For those reading the Israeli attack as hubristic, there’s much to unpick in the country’s plan B rhetoric: what will happen if Iran doesn’t cave and the Americans don’t attack the Fordow facility?
There’s a little bit too much talk of Israeli options in that case. Phrases such as ‘out of the box’ thinking and ‘highly inventive, unexpected’ Israeli moves tend to sound hollow. If they’re real, they might also badly backfire. Who wants to contemplate what could go wrong in a potential air assault, using special forces, against Fordow?
Even if the US gets involved - or in the less likely case that Israel itself can take out Fordow and other potential sites decisively - the question of the endgame remains. The most optimistic scenarios, from an Israeli and US perspective, talk about setting the nuclear programme back by several years.
Whether successful in significantly delaying Iran’s nuclear programme or not, the current action is bound to result in another very tense stand-off that can presumably only be altered by Iran’s ‘total surrender’ on the nuclear issue or regime collapse.
All roads lead back to the muddle
But let’s examine possible consequences of these maximalist outcomes. Whether partly justified or not, Israeli - and also American - distrust of Iran runs so deep that even if the country agreed to all provisions for halting enrichment, allowing inspections under the Additional Protocol to resume, etc., they would not be wholly convinced that Tehran has really given up on its undeclared nuclear ambitions. A new muddle would emerge.
So, regime collapse would then seemingly be the only game left in town. It might be what is ultimately hoped for, but it’s a very shaky assumption to build a whole campaign on.
The Israeli and also US intentions might be to at least have caused the cracks in the Islamic Republic that will eventually lead to its fall
And even regime collapse does not guarantee an end to the regional stand-off. There are many possible scenarios for what could happen in the for now unlikely case of the current system imploding or being overthrown, but few of them are positive, non-violent and ensure long-term stability.
The Israeli and also US intentions might be to at least have caused the cracks in the Islamic Republic that will eventually lead to its fall.
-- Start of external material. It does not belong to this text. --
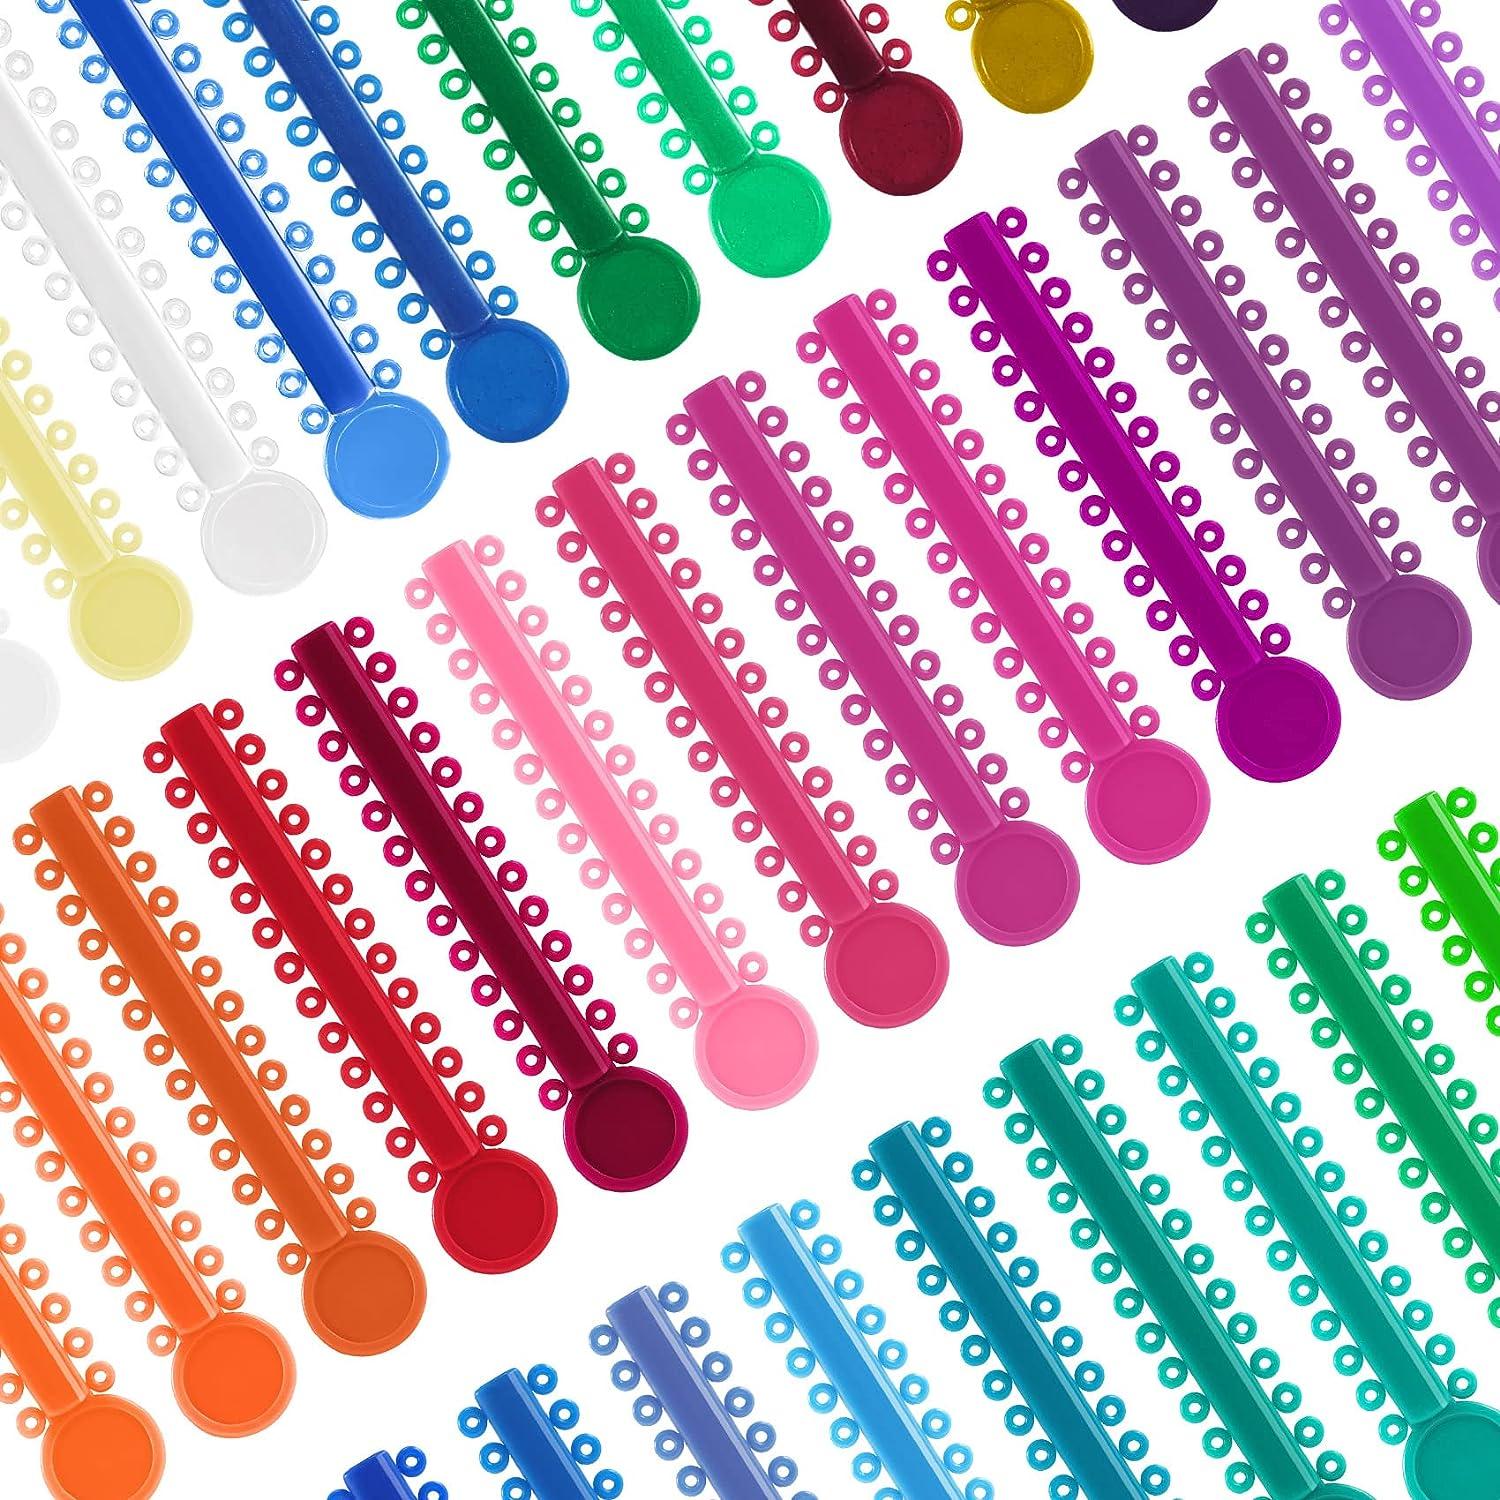 Fun Rubber Band Colors For Braces - PDOC

But even if that’s so, the process is bound to be drawn out and comes with its own dangers.
Thus, almost all roads, for now, lead back to the muddle, in one shape or form. While the previous muddle might have been unsatisfactory, a new one that resembles Israel’s stand-off with Hezbollah and Hamas, meaning regular flare-ups, ‘mowing-the-grass’ operations and thus tit-for-tat confrontations, is surely even less so.
The hope in policy circles in the US and Israel might be that the attacks will have convinced Tehran of the Israeli and American determination not to allow it to possess a nuclear weapon, i.e., that it will have established deterrence.
In the past, Tehran has not shown much inclination to be deterred, at least in its confrontation with Israel. It has, on the other hand, shown reluctance to enter into a full brawl with the US.
It might be the best that could be hoped for, a new stand-off with increased and more credible deterrence. The cost would have been steep and can still rise if the US gets involved. And it comes with new uncertainties and dangers of escalation without giving full guarantees of Iranian abandonment of enrichment.
Could this all have been avoided had Trump not left the previous agreement with Iran, the JCPOA?
Flawed though it might have been, the JCPOA not only bought time for the region, during which developments could have changed the equation, it also offered a model for more and possibly better agreements.
On the other hand, the JCPOA also showed that hopes of it influencing the Iranian leadership to become more moderate and reining in its regional ambitions were misguided.
It was a textbook muddle, but the deal that Trump was reportedly working on before the Israeli attack was, by all accounts, an even worse one, more precarious and poorly defined. It’s doubtful that it will be improved by the current round of fighting.